§ Assignment
Wherever a picture appears in the listing, leave it out, and copy the rest exactly.

§ Dataset extract
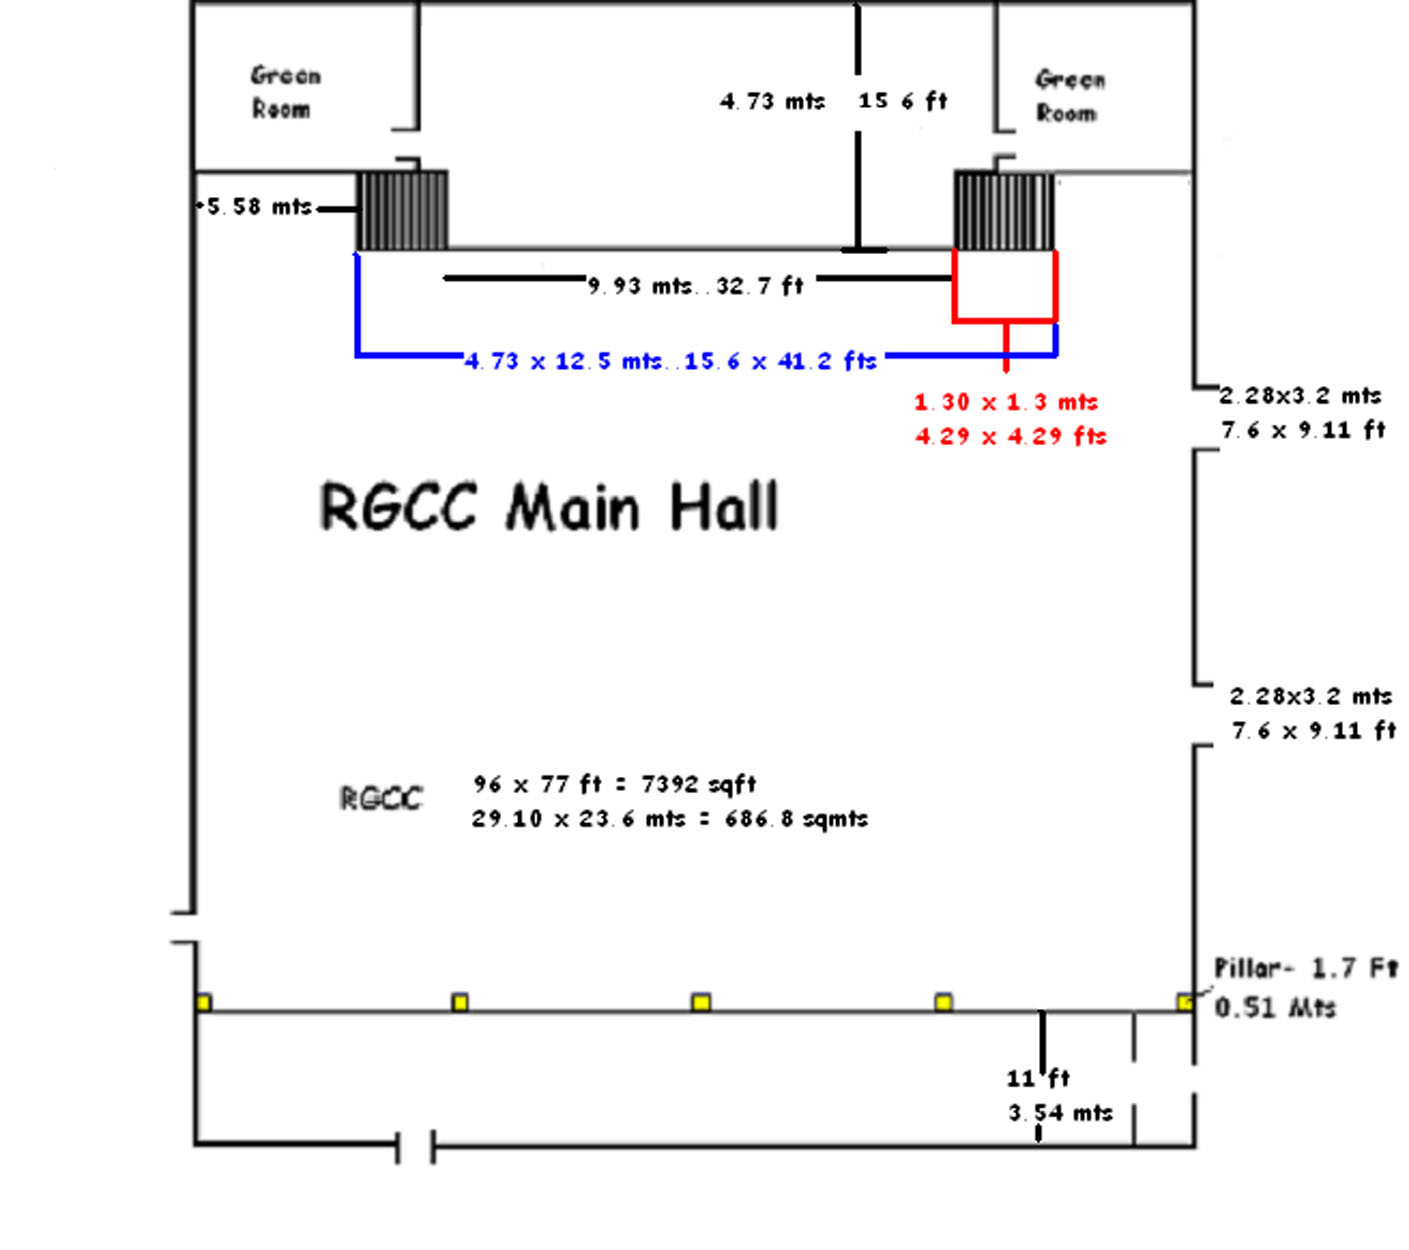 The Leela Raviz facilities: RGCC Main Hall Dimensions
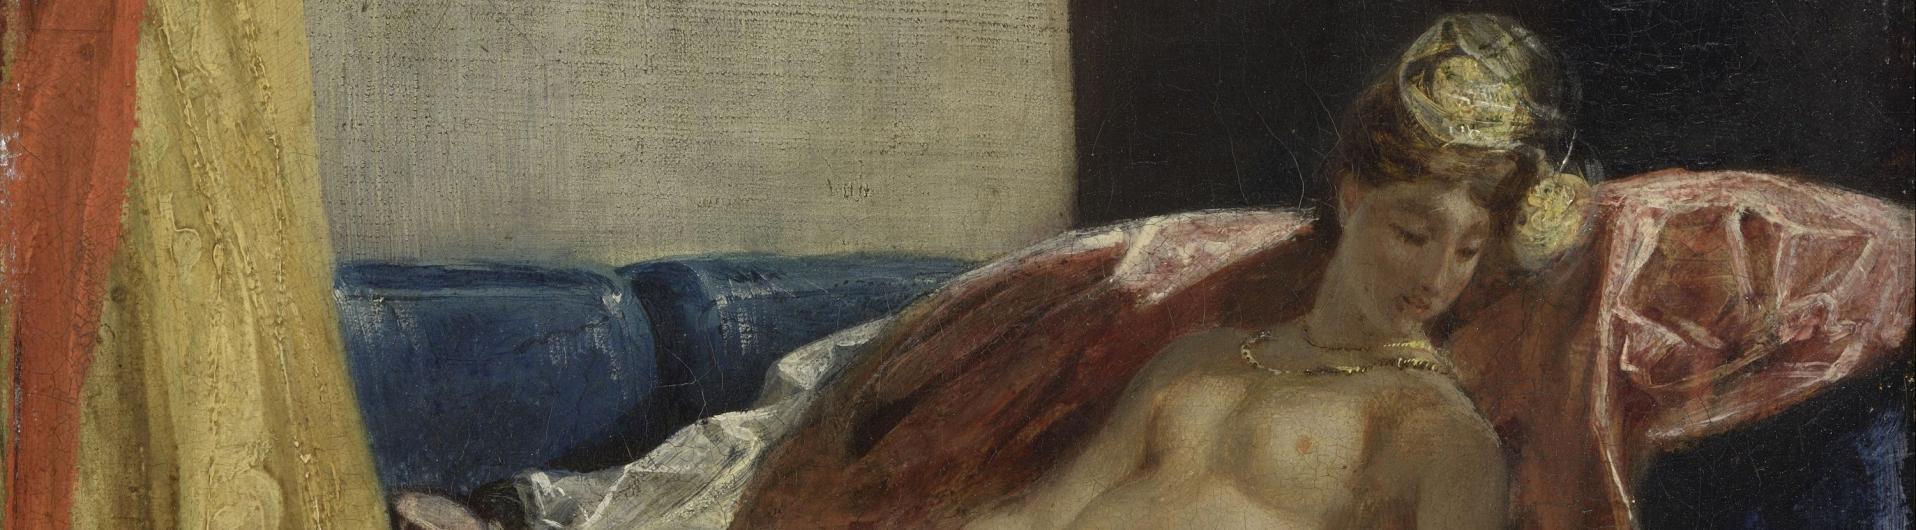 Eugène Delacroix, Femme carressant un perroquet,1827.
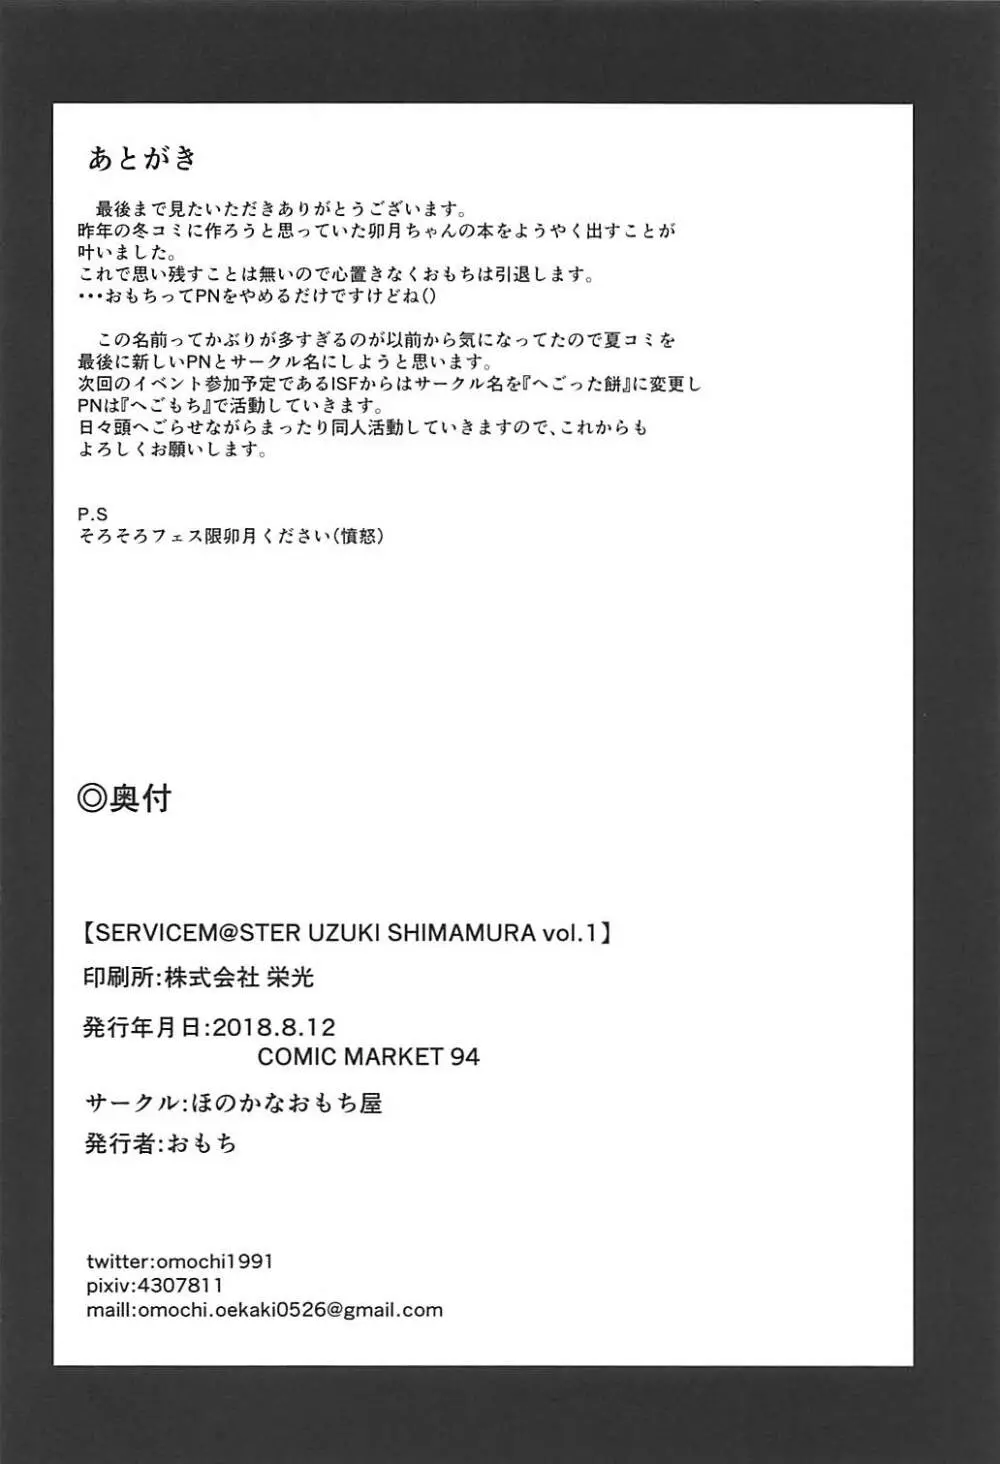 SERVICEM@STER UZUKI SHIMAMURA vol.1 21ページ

§ Output for this exercise
 The Leela Raviz facilities: RGCC Main Hall Dimensions
 Eugène Delacroix, Femme carressant un perroquet,1827.
 SERVICEM@STER UZUKI SHIMAMURA vol.1 21ページ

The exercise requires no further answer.